Alastalon salissa
- Author: Volter Kilpi
- Language: Finnish
- Publisher: Otava
- Publication date: 1933
- Publication place: Finland
- Media type: Print (Hardback)
- Pages: 956 pp
- OCLC: 645285328

= Alastalon salissa =

Finnish novel

Alastalon salissa (In the Alastalo Parlor) is a 1933 landmark Finnish novel by Volter Kilpi. The two-volume novel covers a period of only six hours, written partly in a stream-of-consciousness style similar to James Joyce’s Ulysses—though some Finnish critics have argued that the stream-of-consciousness passages are neither as radical nor as extensive as Joyce's, and actually Kilpi's novel is closer in style and spirit to Marcel Proust's In Search of Lost Time.

== Plot summary ==
The central narrative of Alastalon salissa describes a meeting of a group of wealthy men from Kustavi in the Archipelago Sea in Western Finland one October Thursday in the 1860s. The men are trying to decide whether to invest in a shipbuilding venture proposed by one of their number, Herman Mattsson, master of Alastalo. The novel's length stems from numerous digressions, internal monologues and a detailed accounting of each character's thought processes. In one famous scene, a character's journey to the mantelpiece to fetch a pipe is told in over seventy pages.

== Translations ==
No complete English translation has been published; but in the early 1990s, the editors of Books From Finland asked David Barrett (1914–1998) to translate Kilpi’s Alastalo into English; after translating just a few paragraphs Barrett declined the invitation:

Reluctantly (I really have tried) I have been driven to conclude that Alastalon salissa is untranslatable, except perhaps by a fanatical Volter Kilpi enthusiast who is prepared to devote a lifetime to it. To mention only one of the difficulties, there is no English equivalent to the style of the Finnish ‘proverbs’ (real or imaginary) with which the main character Alastalo’s thoughts are so thickly larded. Add to this the richness and, yes, eccentricity, of Kilpi’s vocabulary, and the unfamiliarity of much of the subject-matter, centred as it is on the interests of a sea-going community that hardly exists any longer, even on the islands, and you have a text that is full of pitfalls for the translator. As for the humour, I’m sorry to say that it depends so much on the idiom and presentation that it doesn’t come over at all. If I did any more, I’m afraid it would just have to be a laborious paraphrase, and I don’t think I’m capable of making it effective, or even readable, in English.
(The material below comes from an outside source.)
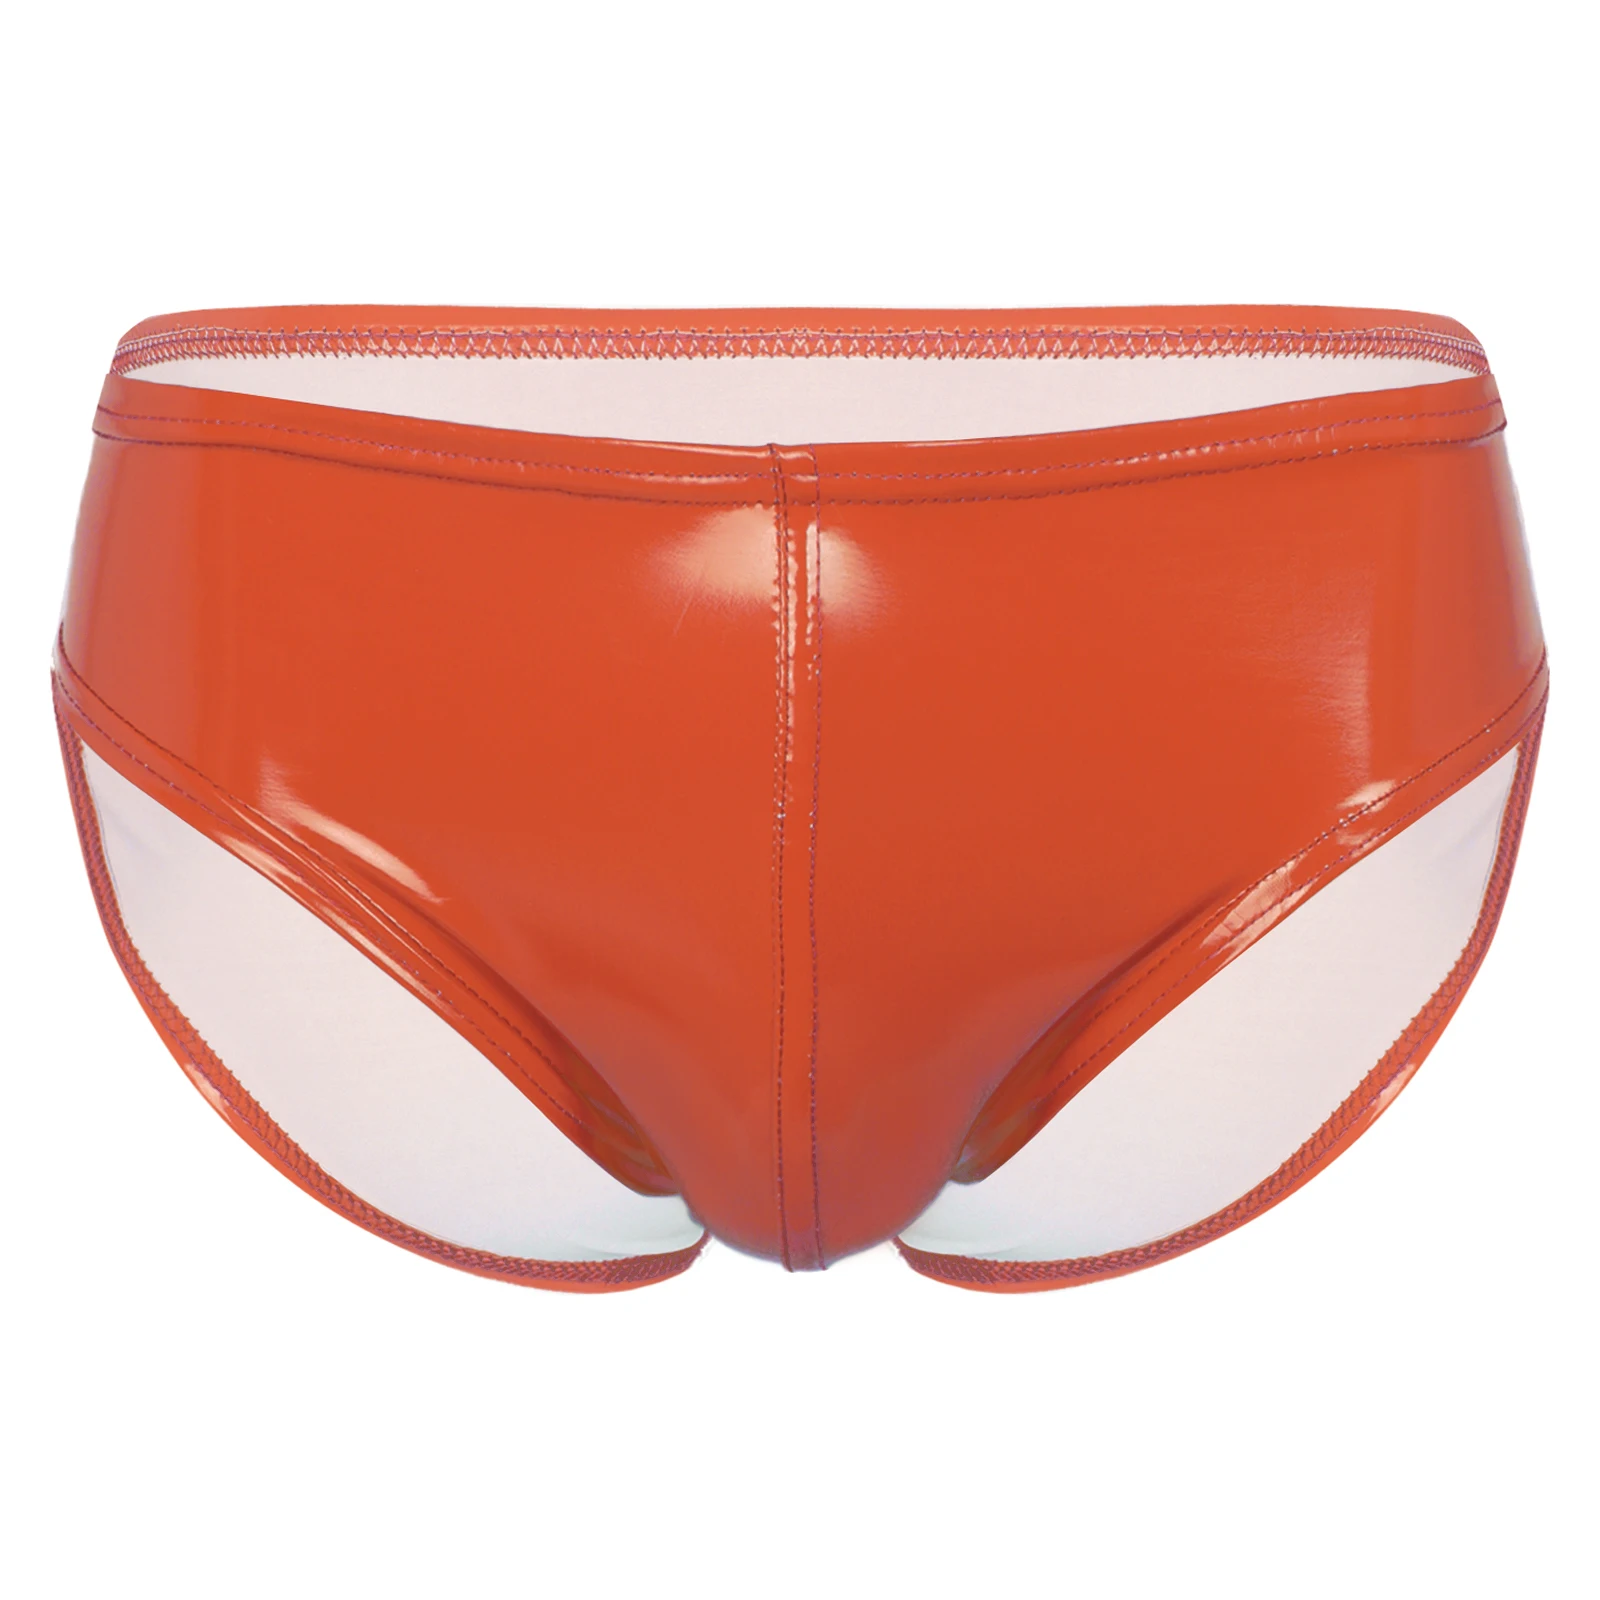 Mens Underwear Wet Look Patent Leather Briefs Panties Elastic

Barrett's translation of the "untranslatable" opening pages of the novel are also published there. For a translation of a page and a half from later in the first chapter of the novel—the first major stream-of-consciousness passage—see pp. 247–49 of Douglas Robinson's Aleksis Kivi and/as World Literature.

Thomas Warburton has translated the novel into Swedish as I salen på Alastalo – en skärgårdsskildring (1997). Stefan Moster published a German translation Im Saal von Alastalo in 2021.